Diese Nebensachen sind nichts weniger als müßig und bloßes Spiel der Phantasie des Künstlers: denn sie bezeichnen die kriegerischen Neigungen des Bräutigams, und daß er über der Liebe zu Roxanen die Waffen nicht vergessen habe. Übrigens hat der Erfolg bewiesen, daß in diesem Gemälde wirklich ein gewisser hochzeitlicher Genius webe, da es dem Künstler die Tochter des Proxenides erwarb. Seine eigene Hochzeit war, sozusagen, das Gegenstück zu dieser Hochzeit Alexanders, wobei dieser König der Brautführer war und den Aetion für seine gemalte mit einer wirklichen bezahlte.

Herodot also (um wieder auf ihn zu kommen) hielt die Versammlung zu Olympia für die beste Gelegenheit, sich als Geschichtschreiber der großen Taten der Griechen ihre Bewunderung zu erwerben. Nun beschwöre ich euch, eh ich weiterrede, bei den Göttern der Freundschaft, denket nicht, daß ich so aberwitzig sei, meine Kleinigkeiten mit den Werken eines solchen Mannes in Vergleichung zu stellen.
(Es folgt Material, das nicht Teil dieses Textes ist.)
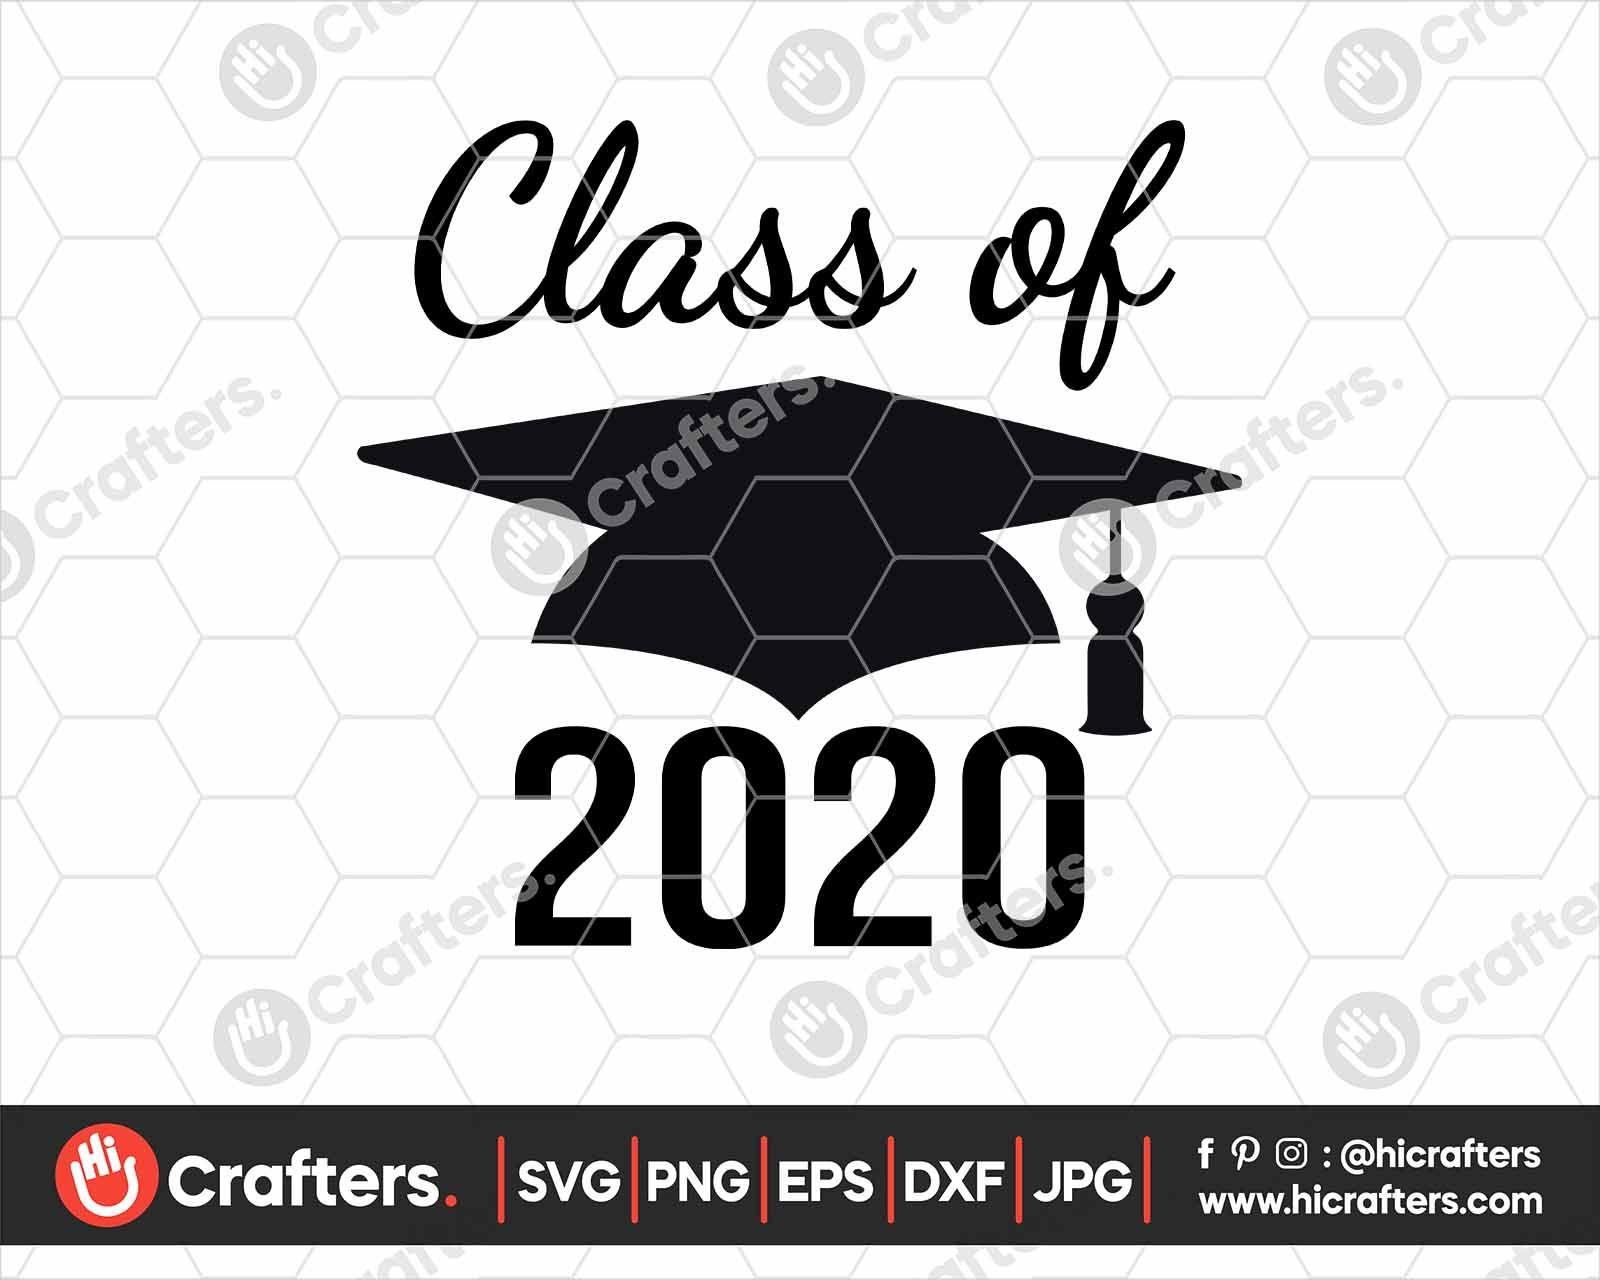 Class Of 2020 SVG, 2020 Graduation SVG PNG Hi Crafters

Das wolle der Genius Herodots verhüten! Indessen muß ich doch gestehen, daß ich mich bei meiner Ankunft in Mazedonien in einer ähnlichen Lage befand und ebendieselbe Überlegung bei mir anstellte wie Herodot, da er Griechenland besuchen wollte. Wie er wünschte ich überall bekannt zu werden und meinen Versuchen so viele Zuhörer als möglich zu verschaffen. Alle Städte einer so großen Provinz in gegenwärtiger Jahreszeit besonders zu besuchen war nicht leicht zu bewerkstelligen. Der kürzeste Weg, meines Wunsches teilhaftig zu werden, war also, diese euere Zusammenkunft abzuwarten, wo ich den Vorteil hoffen konnte, mich vor der ganzen Nation hören zu lassen.

Ihr seid nun zusammengekommen, und ich sehe die angesehensten und auserlesensten Männer der ganzen mazedonischen Nation vor mir. Hier ist kein enges Pisa, kein von Buden und Hütten ausgefüllter Raum, kein erstickendes Gedräng eines zusammengelaufenen Pöbels, wovon die meisten den Herodot nur im Vorbeigehen hörten und viel lieber Athleten zugesehen hätten. Der Schauplatz, wo ich auftrete, ist eine der ersten und schönsten Städte dieses Landes und diejenigen, vor denen ich reden soll, der Ausschuß seiner gelehrtesten und beredtesten Männer. Übrigens müßtet ihr, wenn ihr mich gegen jene großen Meister – die Polydamas, Glaukus und Milon der Literatur – vergleichen wolltet, mein Unterfangen freilich sehr verwegen und unbesonnen finden: wenn ihr aber so gefällig sein wollt, ohne an diese unerreichbaren Muster zu denken, mich bloß nach mir selbst zu beurteilen: so kann ich vielleicht hoffen, wenigstens nicht strafwürdig erfunden zu werden, daß ich mich in eine solche Laufbahn gewagt habe; und mehr kann ich billigerweise nicht erwarten.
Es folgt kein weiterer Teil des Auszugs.